Rutshuru hospital is full of displaced people, and MSF has set up tents to shelter them. Over the last two days, medical teams have treated 43 war-wounded patients at the hospital, and more are arriving. Since yesterday, MSF has also treated more than 50 patients at two health centers in Rutshuru, half of them children. MSF is the only organization currently working in the town.
There was fighting in Kibati today as well, sending displaced people fleeing to nearby Goma. MSF teams were there running mobile clinics, providing clean water, and installing a new cholera treatment center in Kibati.
Ten cholera patients fled a treatment facility in Kibati when the fighting broke out, and MSF was able to transfer another 10 patients back to the cholera treatment center at the Goma General Hospital. Tomorrow, MSF teams will set up an ambulance service to transport cholera patients to Goma while the situation in and around Kibati remains unstable.

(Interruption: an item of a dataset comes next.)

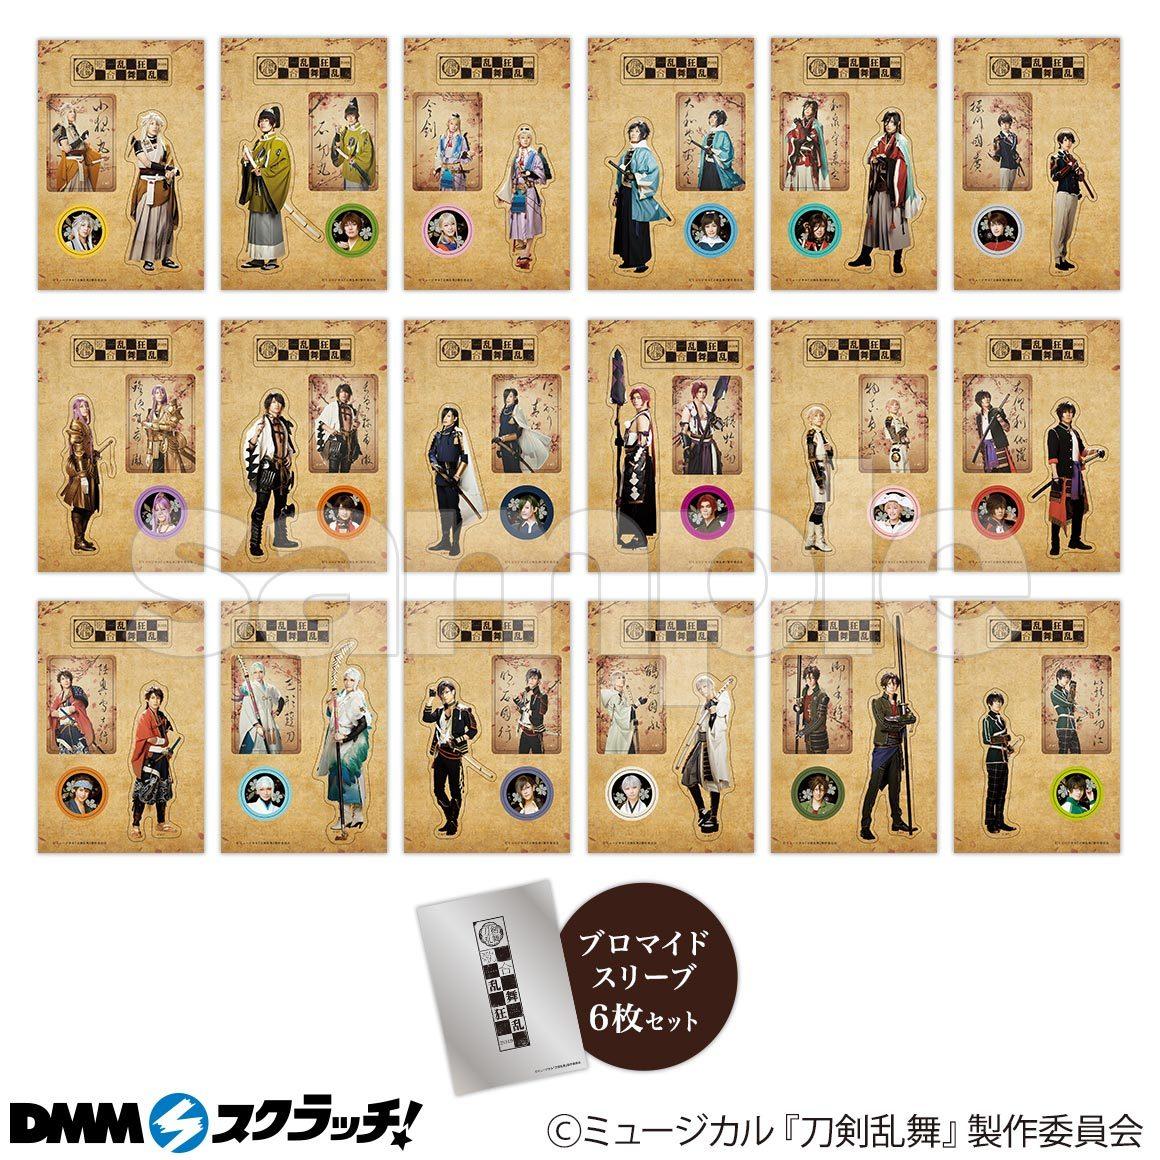 E賞  ステッカー1枚+ブロマイドスリーブ6枚セット ( 18 種)

West of Goma, MSF teams are starting mobile clinics in the Mushake area, and in Karuba village. MSF is providing mental healthcare to displaced people in Shasha camp, near Saké. Further south, in Kirotshe, the organization will provide surgical and emergency support at the local hospital.
In Minova, also west of Goma, an MSF team continues supporting a cholera treatment center, where an average of 50 new patients are being treated each week.
While some displaced people are returning to their places of origin around North Kivu, many of the displaced and local residents continue to be in urgent need of food, clean water, healthcare, and basic items like blankets and shelter materials.
The situation is relatively calm north of Goma, Kitchanga, and Mweso, where MSF is providing primary and secondary healthcare and running mobile clinics. In Masisi, 80 km northwest of Goma, a six-person MSF international team and 80 Congolese colleagues are providing healthcare at a hospital and health center.
Further east, along the border with Uganda, MSF teams are assessing the condition of thousands of Congolese refugees and displaced people.
MSF is continuing to explore the area as security conditions permit and is identifying displaced people with unmet health needs. Some 52 international staff are working with MSF in North Kivu now, including doctors, nurses, logisticians, and administrators, among others.